> _Work instruction_
The reply should contain all the data below, repeated exactly, and none of the images.

> _Source data_

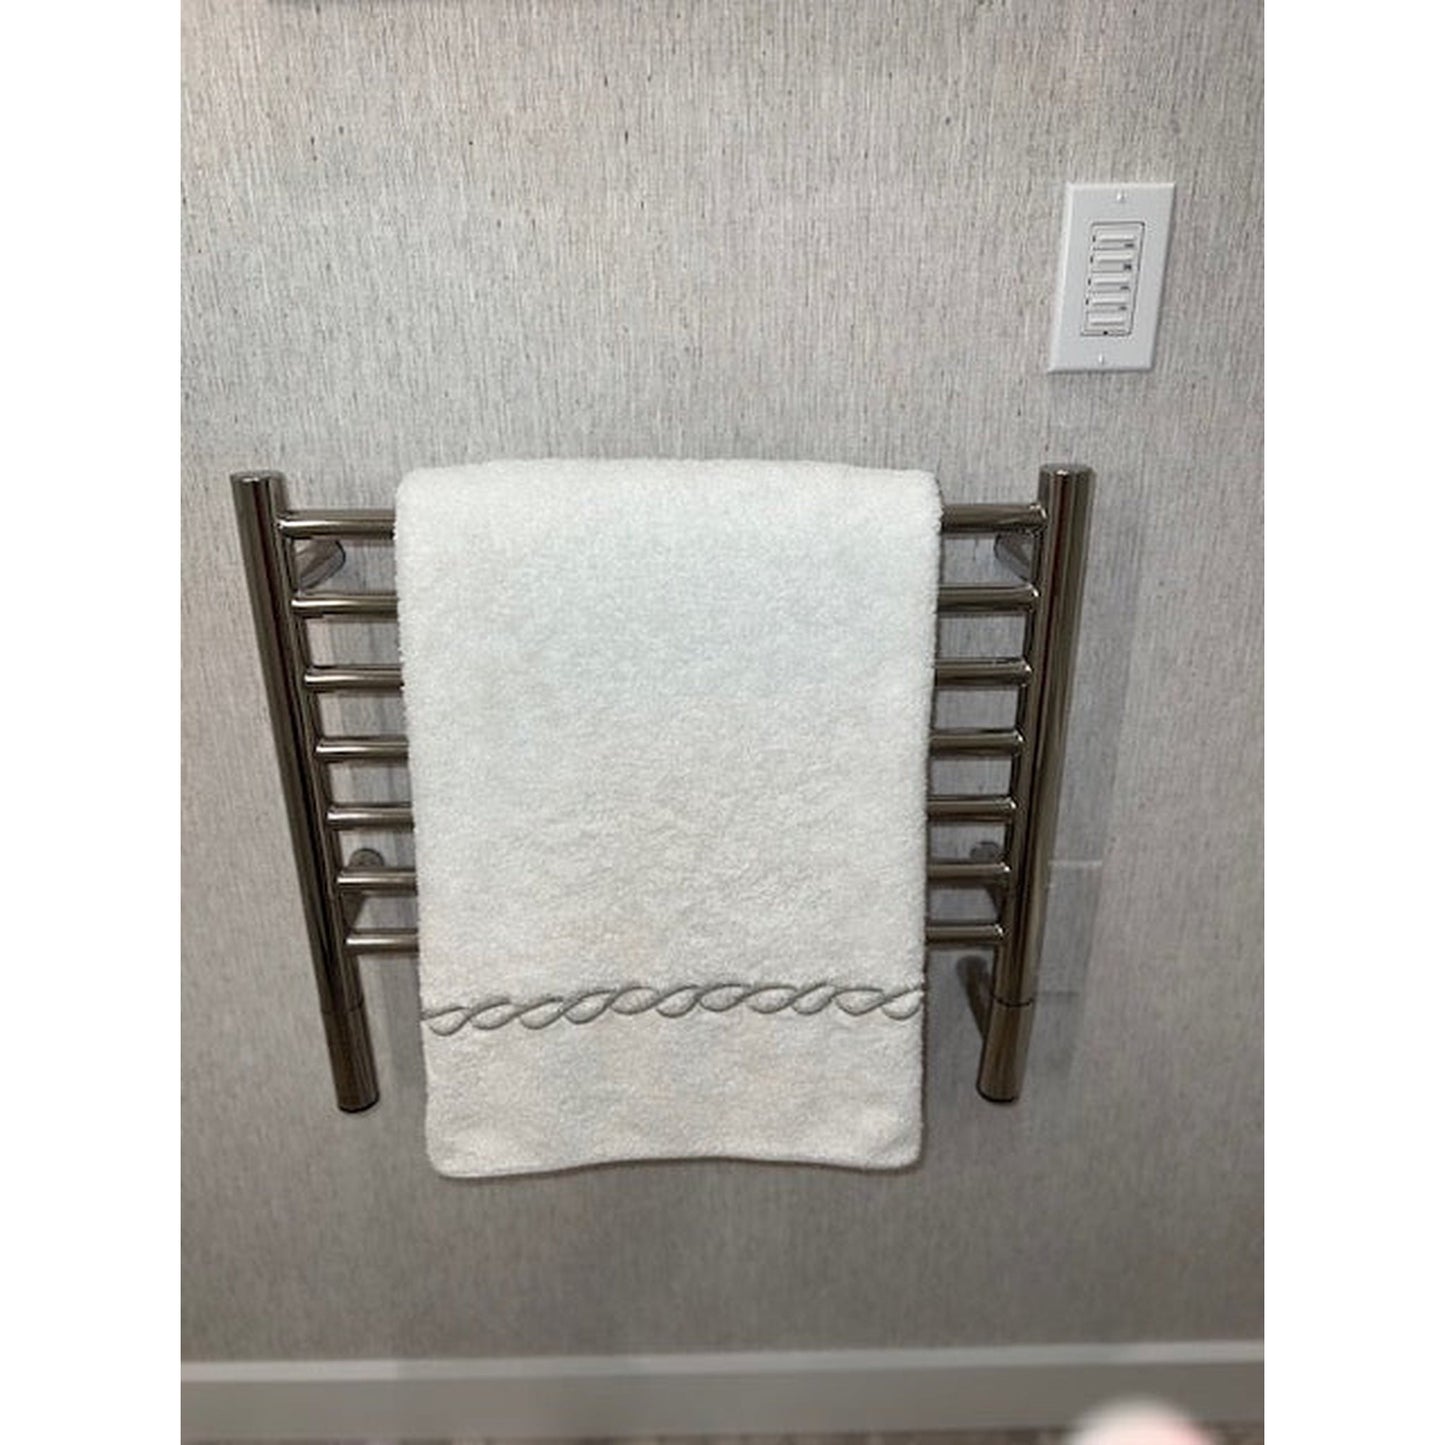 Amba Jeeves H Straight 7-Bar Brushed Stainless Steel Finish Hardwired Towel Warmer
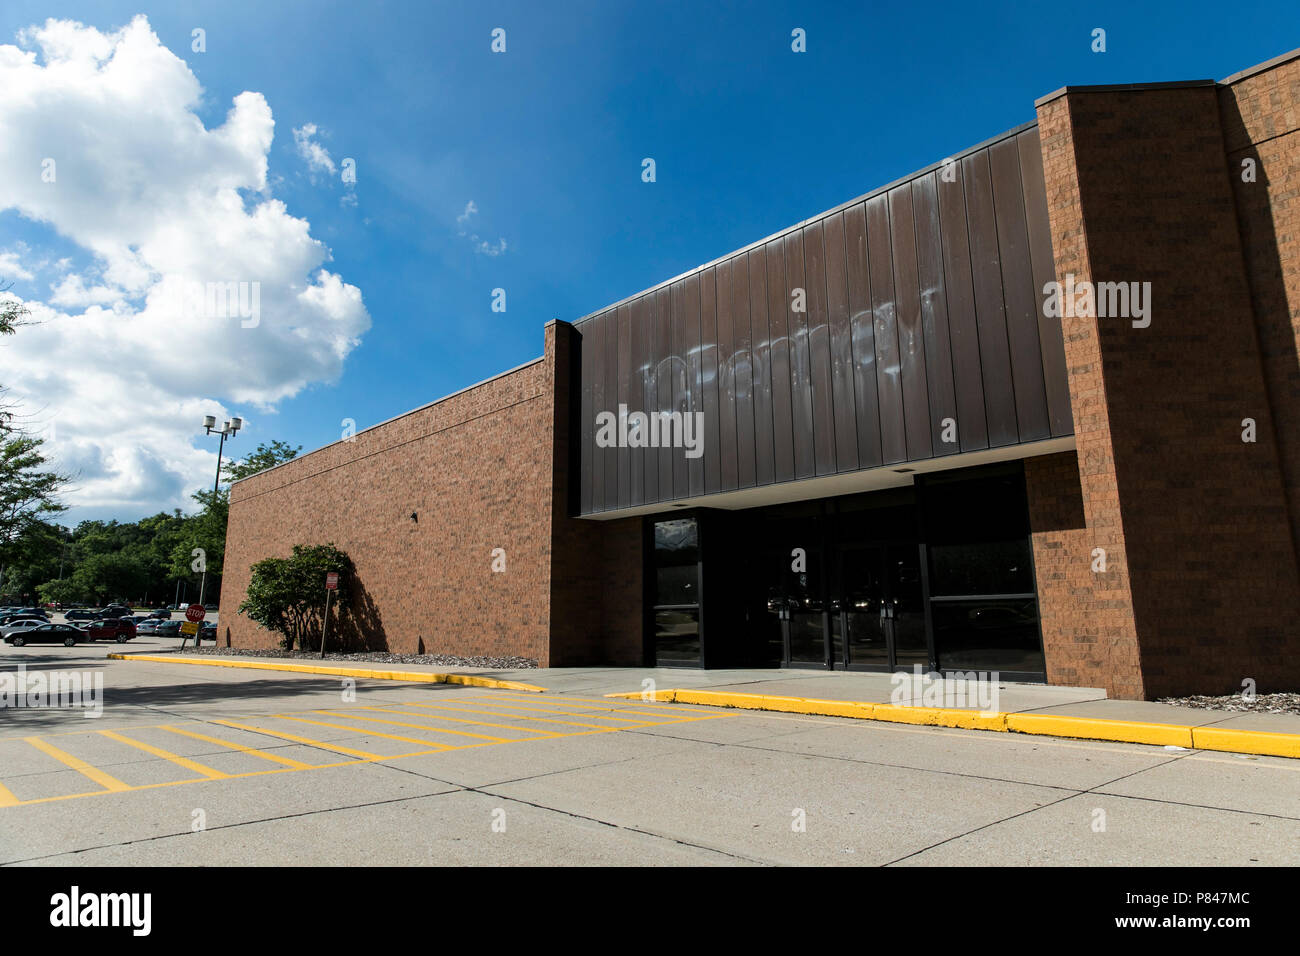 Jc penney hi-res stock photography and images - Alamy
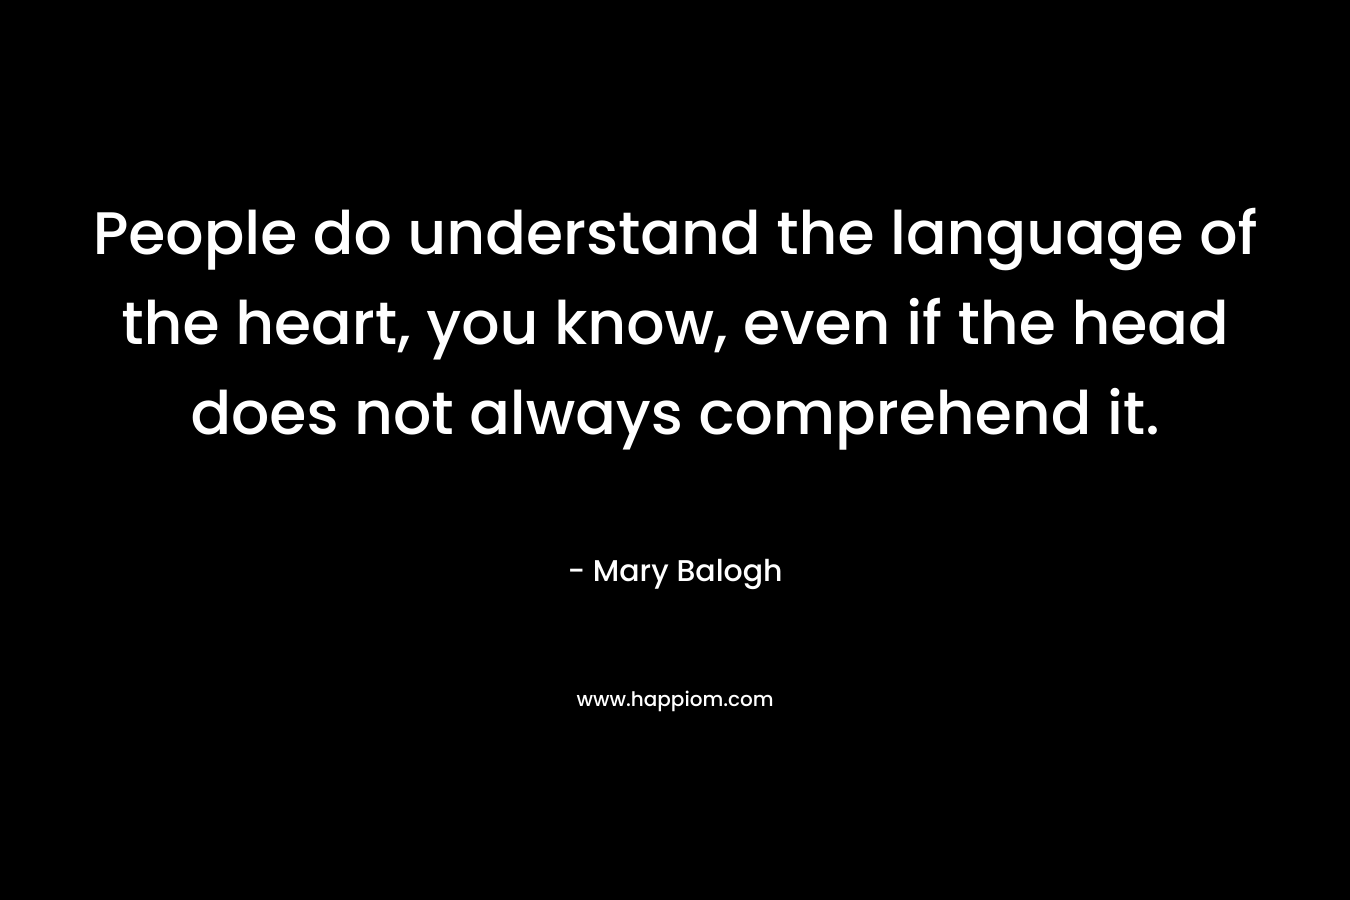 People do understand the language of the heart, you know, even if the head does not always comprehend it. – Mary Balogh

> _Response box_
 Amba Jeeves H Straight 7-Bar Brushed Stainless Steel Finish Hardwired Towel Warmer
 Jc penney hi-res stock photography and images - Alamy
 People do understand the language of the heart, you know, even if the head does not always comprehend it. – Mary Balogh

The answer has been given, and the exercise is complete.